I believe what you are recollecting probably comes from the massive Kennedy- assassination-conspiracy-theory
businessindustrial complex. Like this: somebody said somebody said somebody told them thatJackieRobertTedRoseJohn-John Kennedy said that to them. John-John's death was after all, mysterious....was Caroline in on that? Why didn't she mourn him more publicly? Did he want these recordings released early? What did he say to his colleagues in NYC about his sister and his mother's estate?....etc.by artappraiser on Tue, 09/20/2011 - 4:47pm
Google returns an embarassment of riches....

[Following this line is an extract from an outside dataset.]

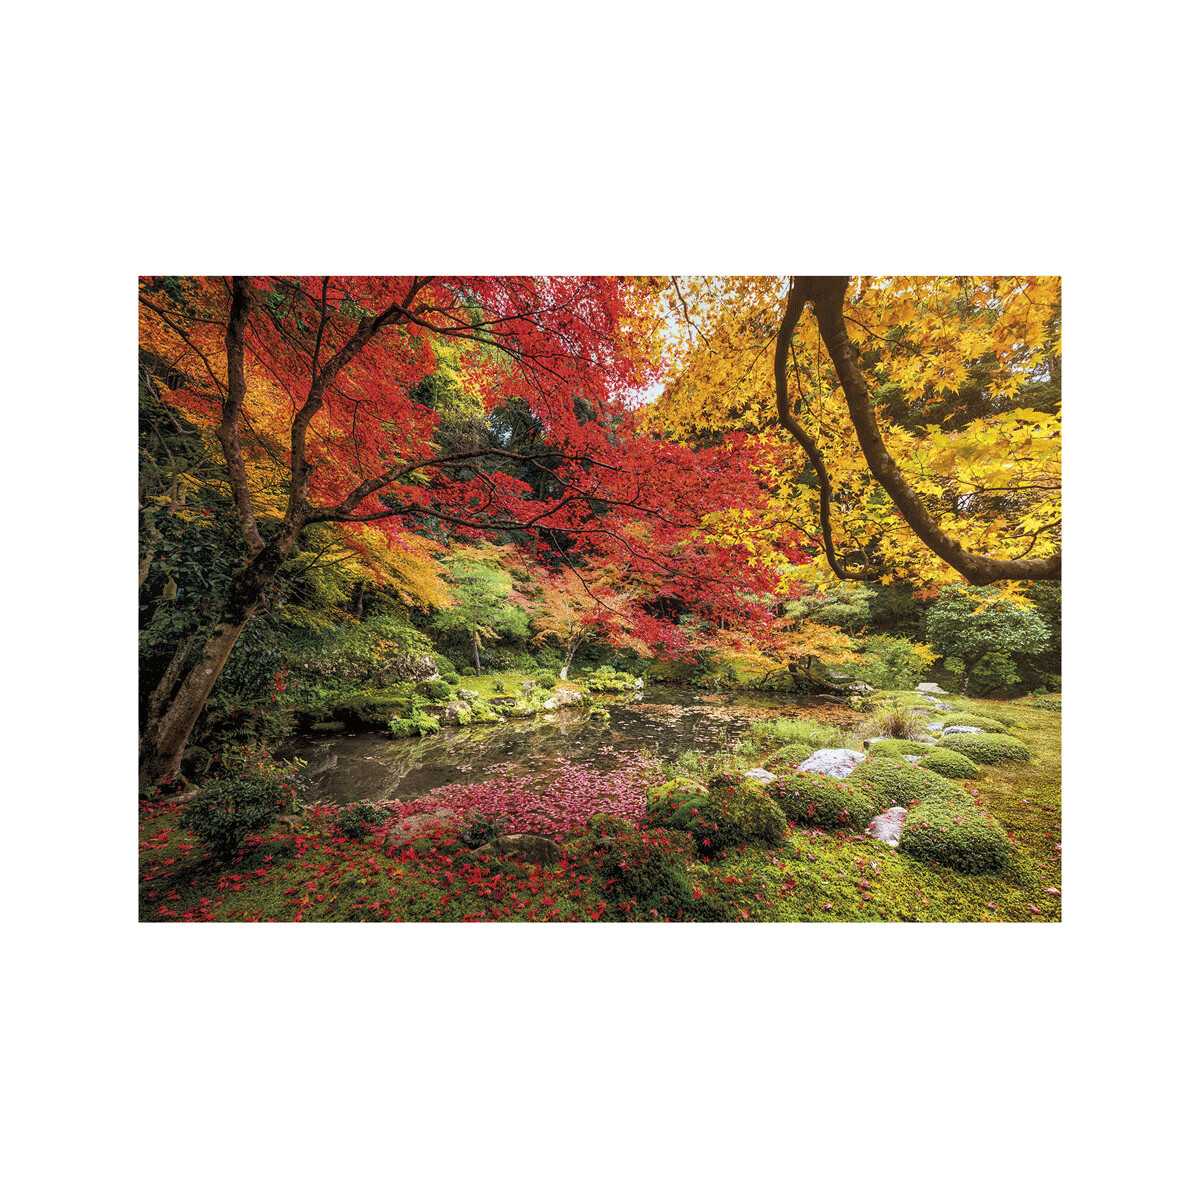 Clementoni - 31820 - puzzle 1500 hqc autumn park 59 x 84 cm - CLEMENTONI

embarassing because of the plethora of sources supporting the purported statement by Jackie, and embarasing because of the nature of the sources...
So altho I was not halucinating (this time...) it may be worse--I am outed as somehow or other being within earshot of Faux News...
After actually clicking on the links, there are a plethora of denials from ABC news as well. I may have been misled.
by jollyroger on Tue, 09/20/2011 - 7:58pm
The Kennedys were the prototype for the personality politicians that were to follow. All show and little substance.
by cmaukonen on Mon, 09/12/2011 - 7:59pm
What I wrote above in reply to Emma about "Camelot" maybe somewhat related, takes it in another direction. Maybe the personality politician thing was bound to happen one way or another because people wanted it, were ready for it.
This also got me thinking about martyrdom/sainthood by assassination. In the 70's it was common to see in a lot of Afro-American living rooms, and other places like Catholic schools, you would see paired saintly icon portraits of JFK and MLK side by side. In the kind of places that wouldn't think well of philanderers. The point is not to equate JFK and MLK, but that they were equated then by their martyrdom.
But Lincoln too, was idolized this way, getting far more love/saint status as a martyr than he got living.